_WORK TO COMPLETE:_ Your task is to give the listing below back word for word, pictures excluded.

_RECORDED INFORMATION:_
┌──

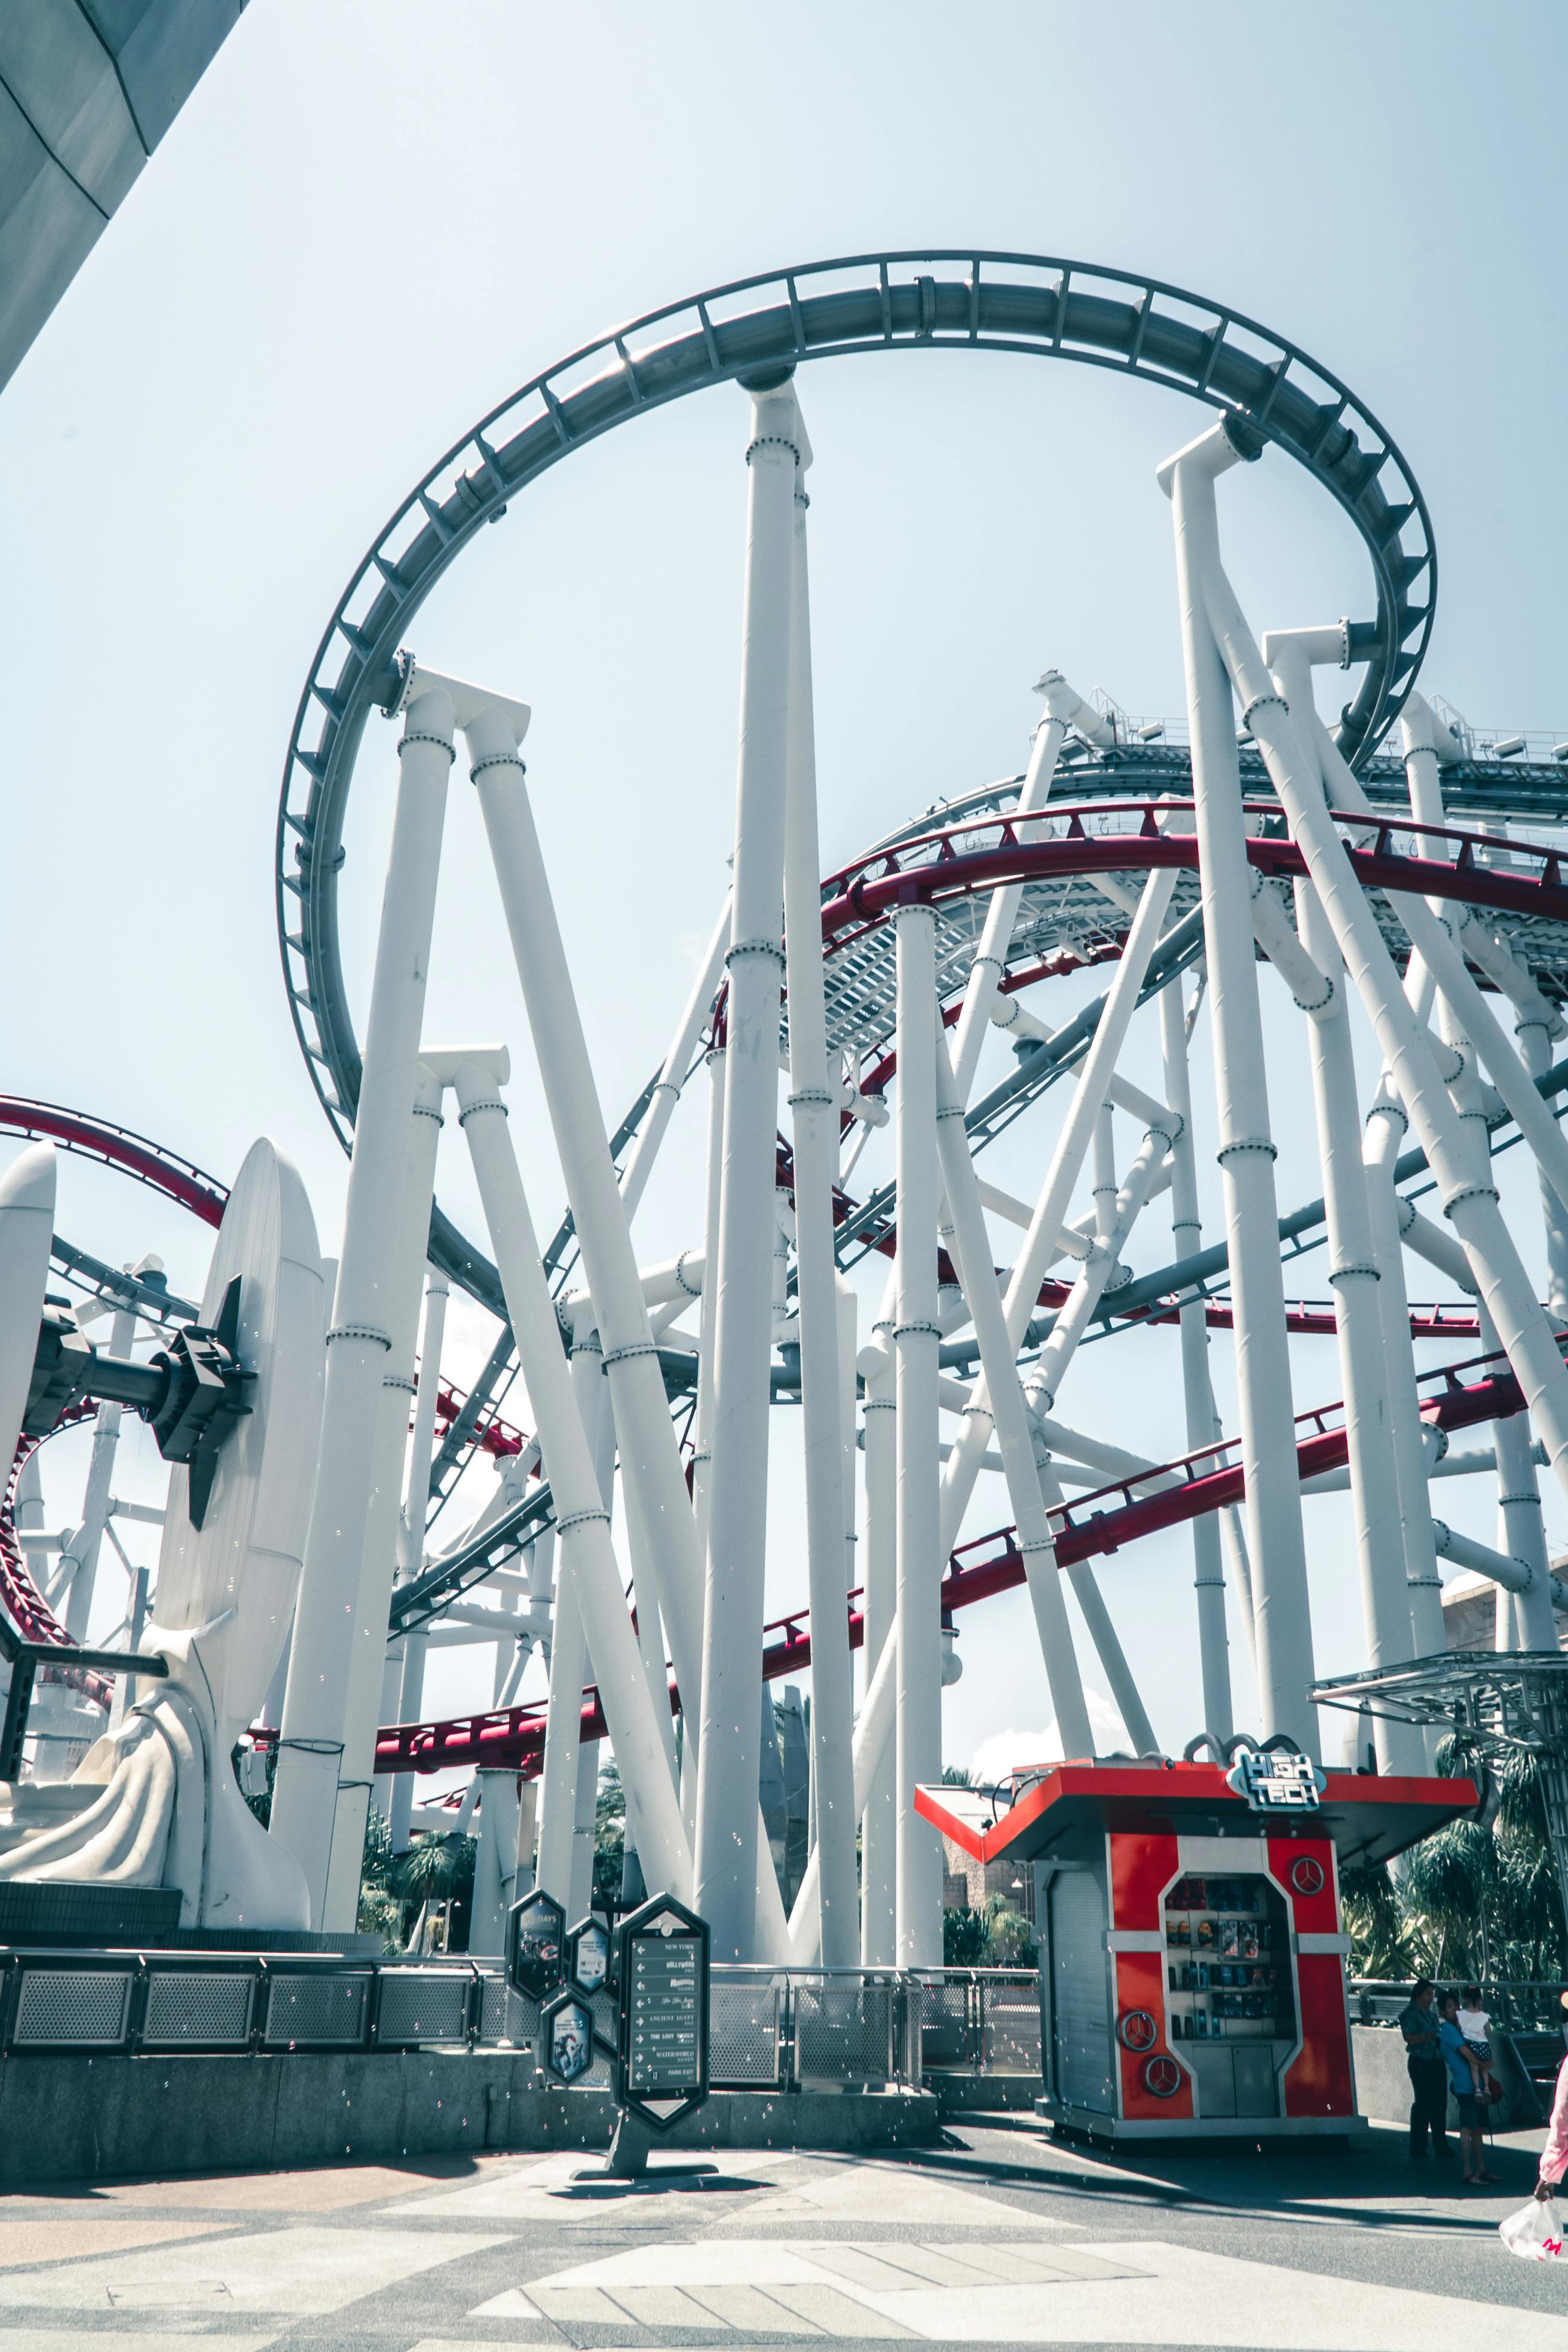 Photo of a Roller Coaster in Universal Studios at Singapore · Free Stock  Photo
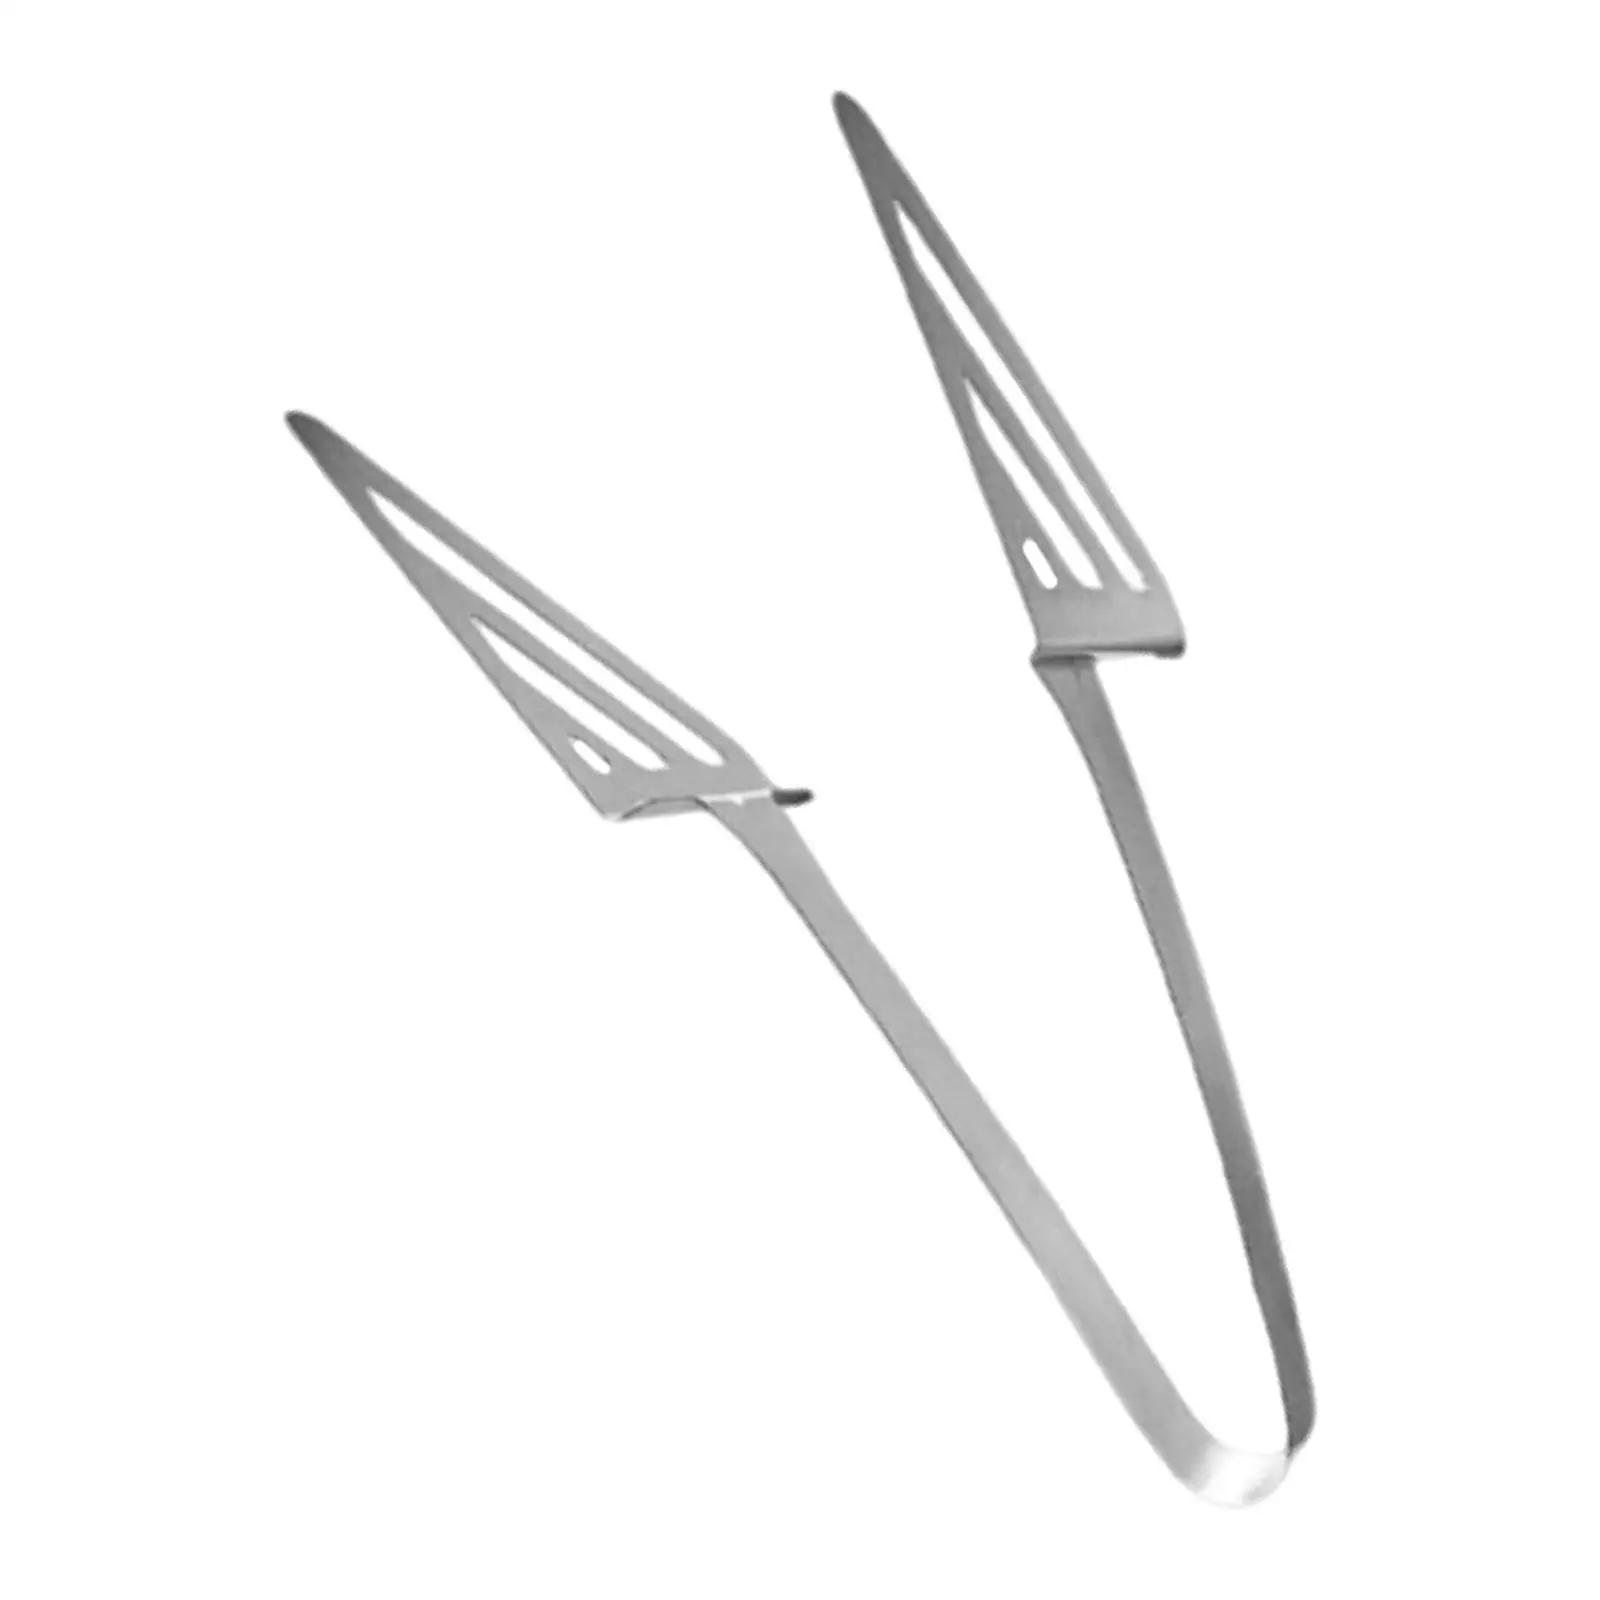 Kitchen Tongs Stainless Steel Pastry Serving Tongs for BBQ Picnic Party
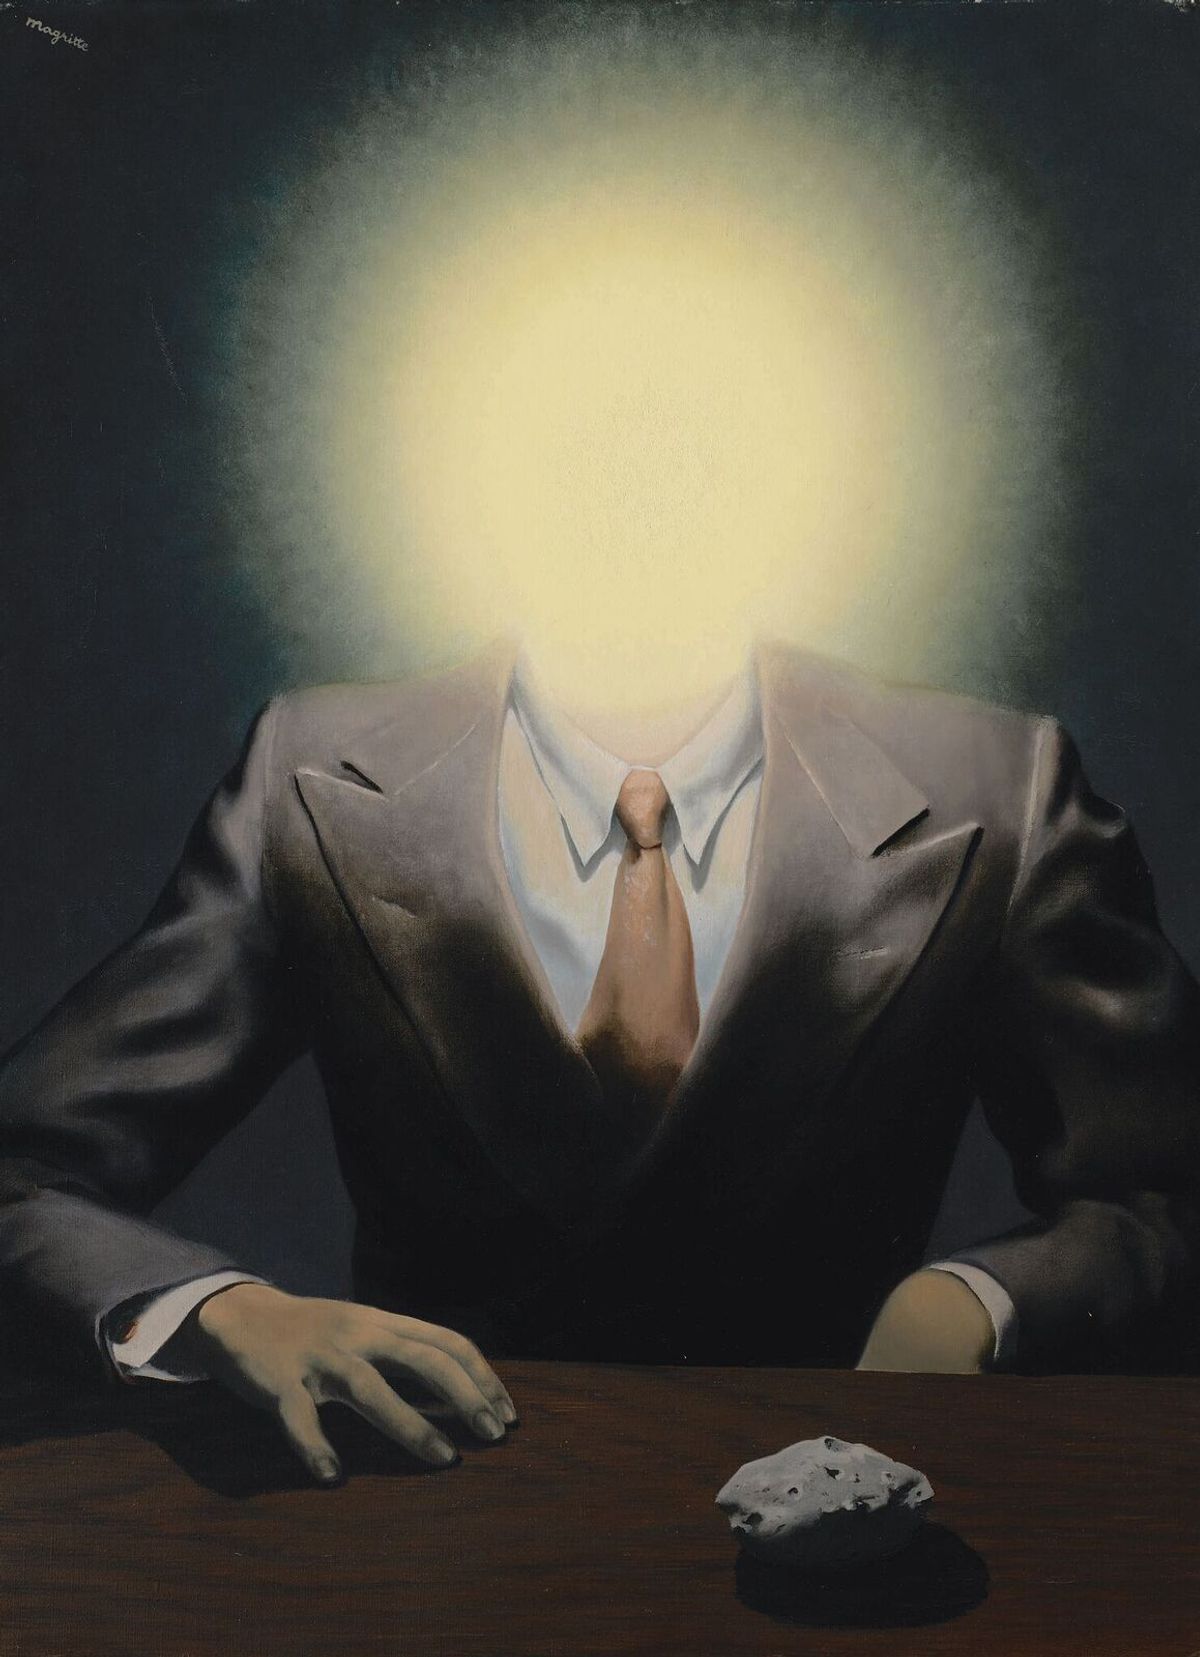 René Magritte's Le principe du plaisir (1937) brought in $23.5m ($26.8m with fees), well over its high estimate of $20m Sotheby's

└──

_OUTPUT FOR THIS TASK:_
 Photo of a Roller Coaster in Universal Studios at Singapore · Free Stock  Photo
 Kitchen Tongs Stainless Steel Pastry Serving Tongs for BBQ Picnic Party
 René Magritte's Le principe du plaisir (1937) brought in $23.5m ($26.8m with fees), well over its high estimate of $20m Sotheby's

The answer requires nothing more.